Share your views and help shape the River Thames Scheme

Statutory consultation launches for the River Thames Scheme (RTS)

One key and very important milestone for the RTS is Statutory Consultation. Statutory Consultation is a six-week period, that gives people the opportunity to share views on the scheme's proposals and shape the design of the scheme. We are keen to consult with communities, businesses, land interests and stakeholders affected by, or with an interest in the plans for the RTS. Enough information has been gathered to date, which allows us to now share a vision of the future.

Designated a project of national significance, the scheme will include a new flood channel in two sections, passing though the boroughs of Runnymede and Spelthorne.

To support the landscape-based approach of this flood alleviation scheme, the surrounding areas of green infrastructure – green space – that run along the channel will provide better connections within and across the area and encourage more sustainable travel.

The RTS statutory consultation begins on 22 January and continues until 4 March.
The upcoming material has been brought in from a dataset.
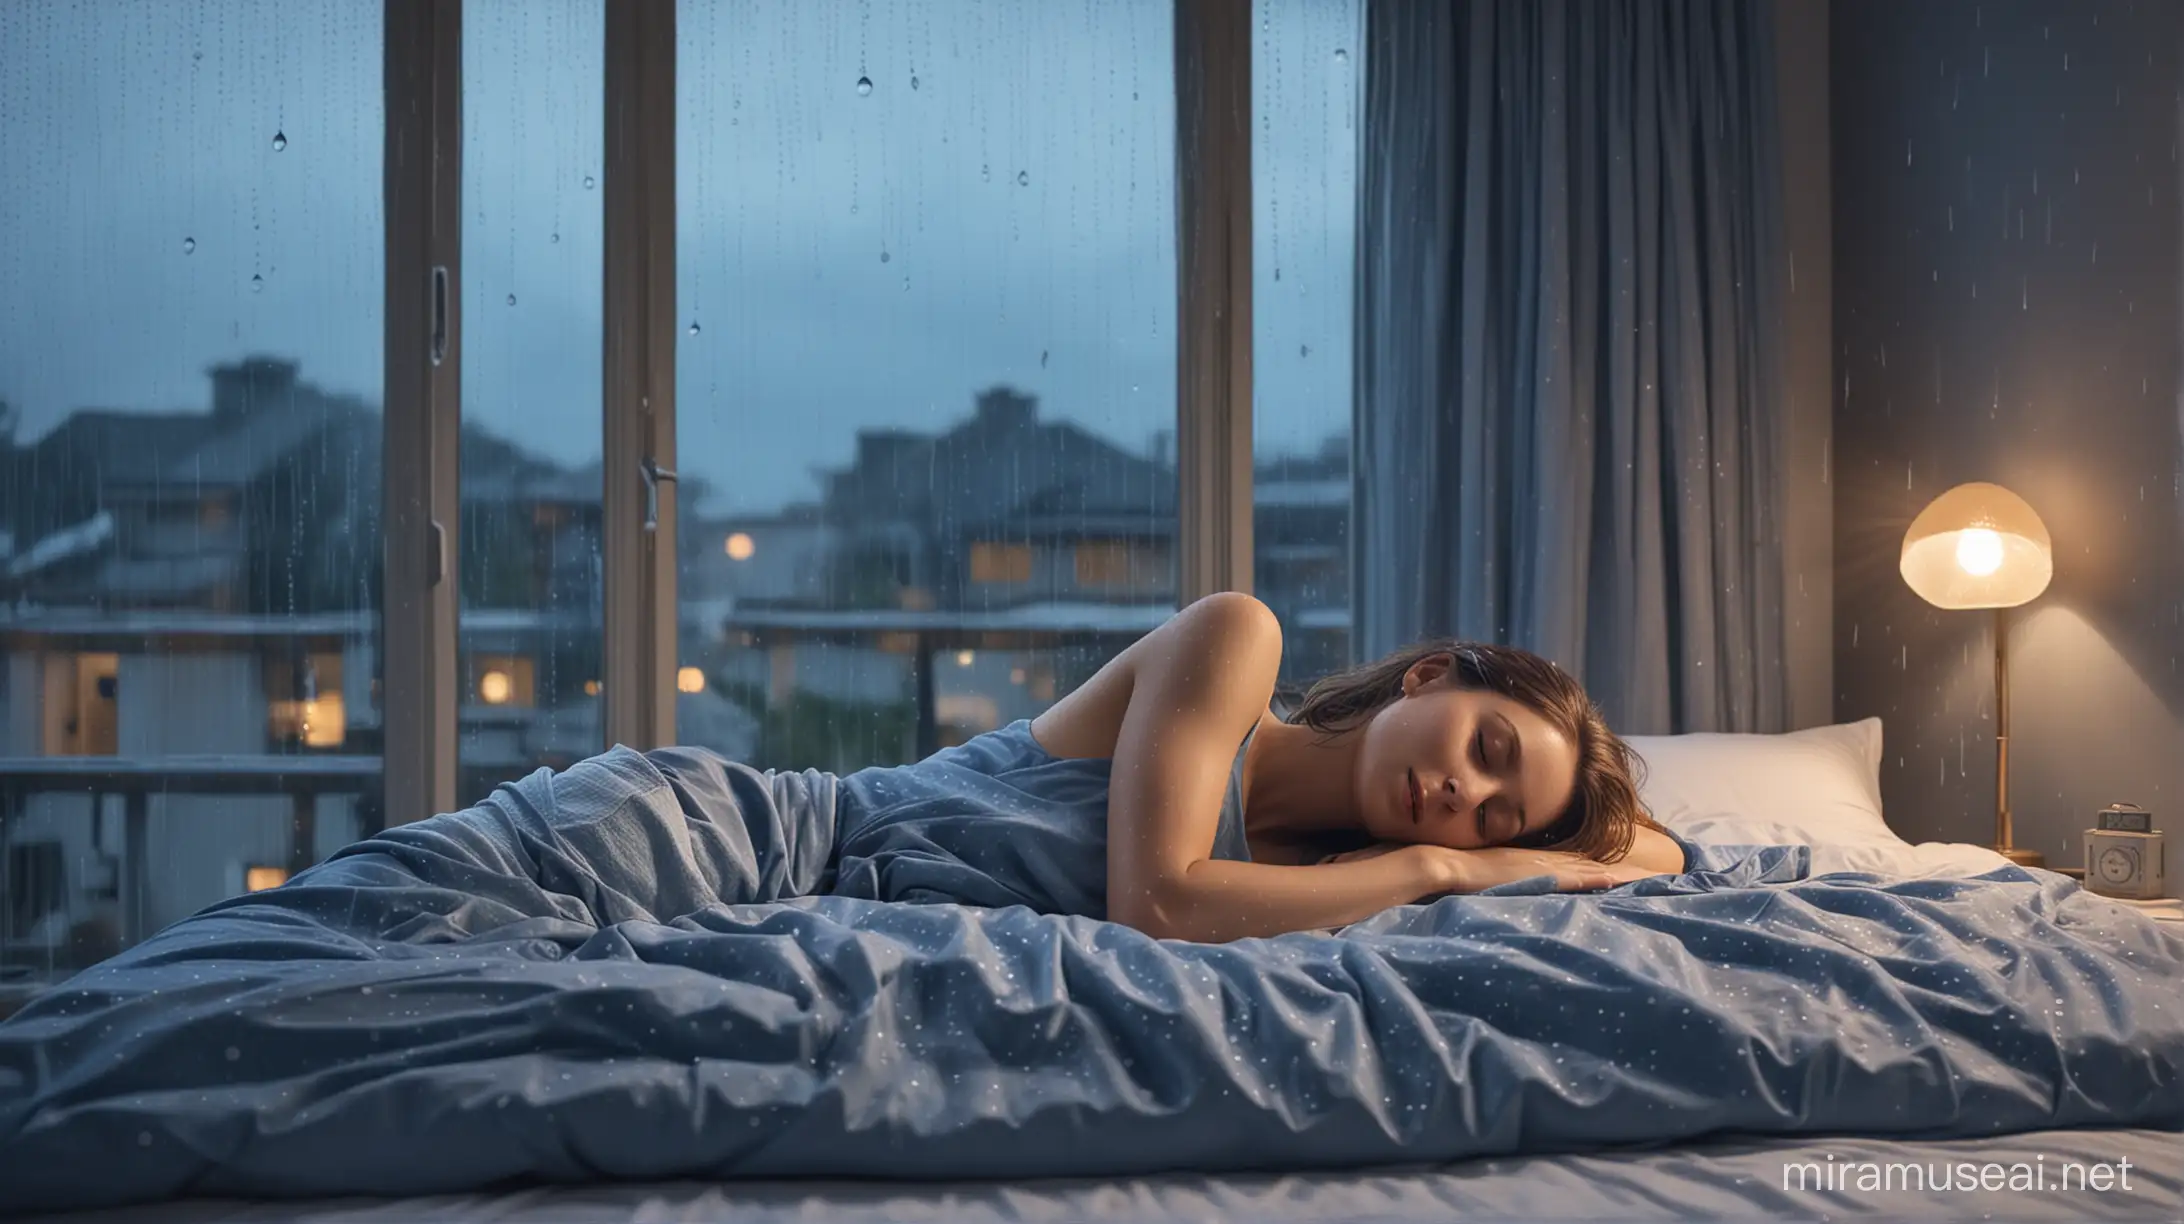 wanita cantik tertidur di  atas kasur dekat jendela rumah hujan rintik di luar rumah dengan Palet warna ruangan terdiri dari warna kebiruan dan hangat serta dingin diluar, dengan pencahayaan lembut dari berbagai lampu menambah suasana nyaman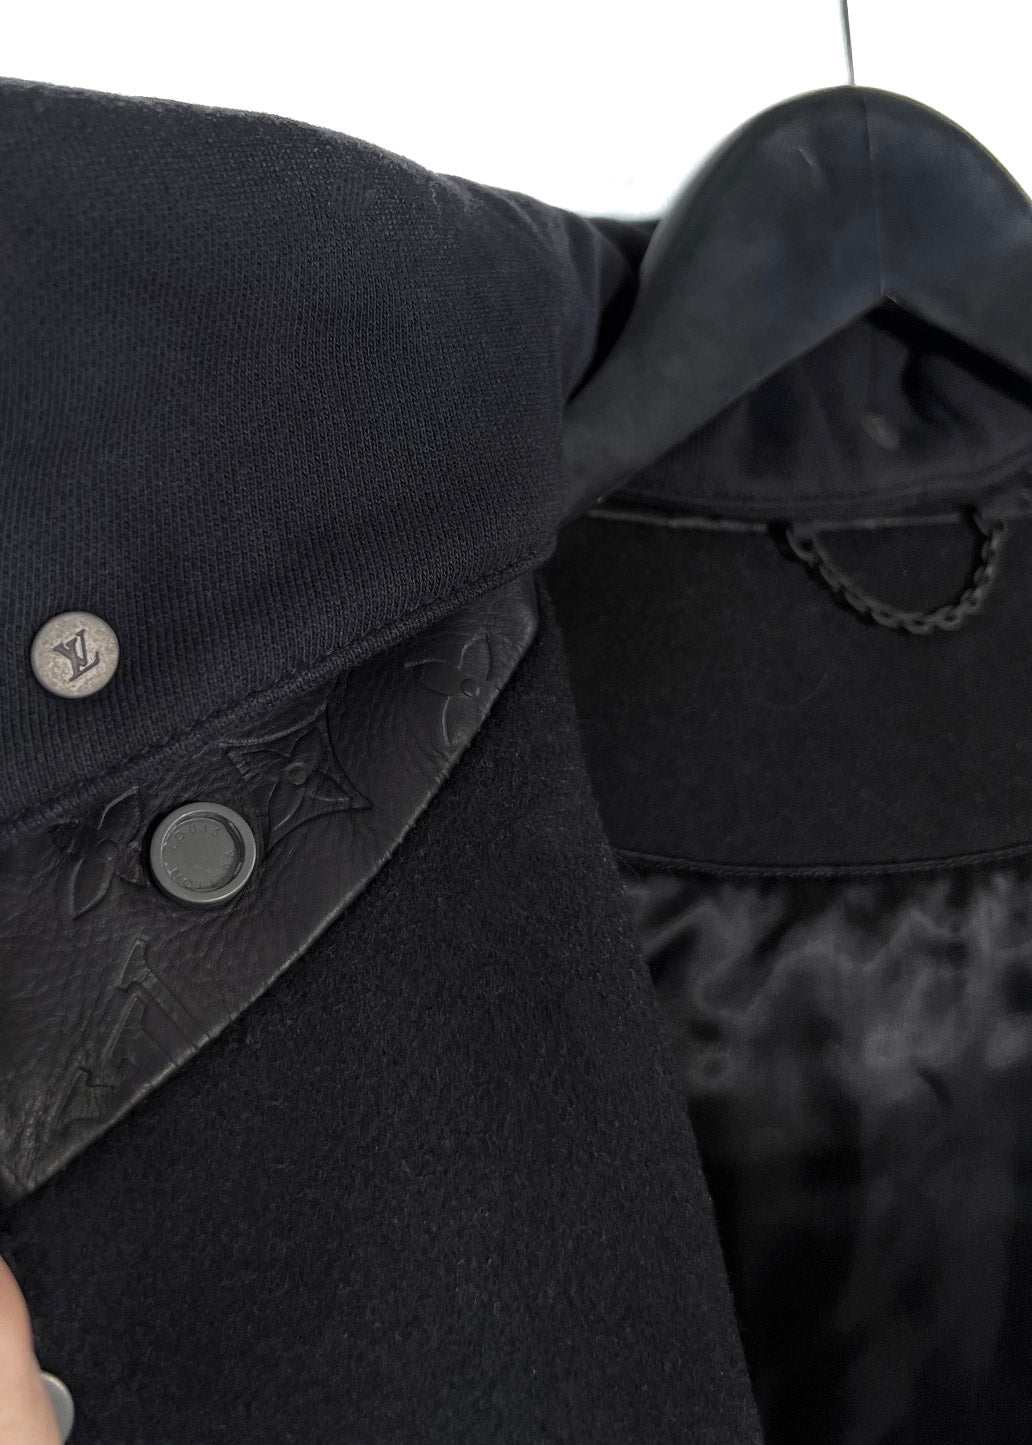 Shop Louis Vuitton 2021-22FW Varsity leather jacket by BrandStreetStore

There are 11 in-person and 5 virtual events across the scheme boundary running between late January and throughout February. The events will be attended by RTS experts who will be able to discuss the scheme and explain its goals and benefits in more depth.

The Statement of Community Consultation (SoCC) was published via the RTS website earlier this month. It explains how the RTS will discuss its proposals with the local community and provides an overview of the development consent order (DCO) and how this works. In addition, Section 47 and 48 notices publicising the SoCC, have appeared in regional and national media. The SoCC and all further documentation for the Statutory Consultation is available on the River Thames Scheme web page.

All further documentation for the Statutory Consultation will be available from launch day on Monday 22 January.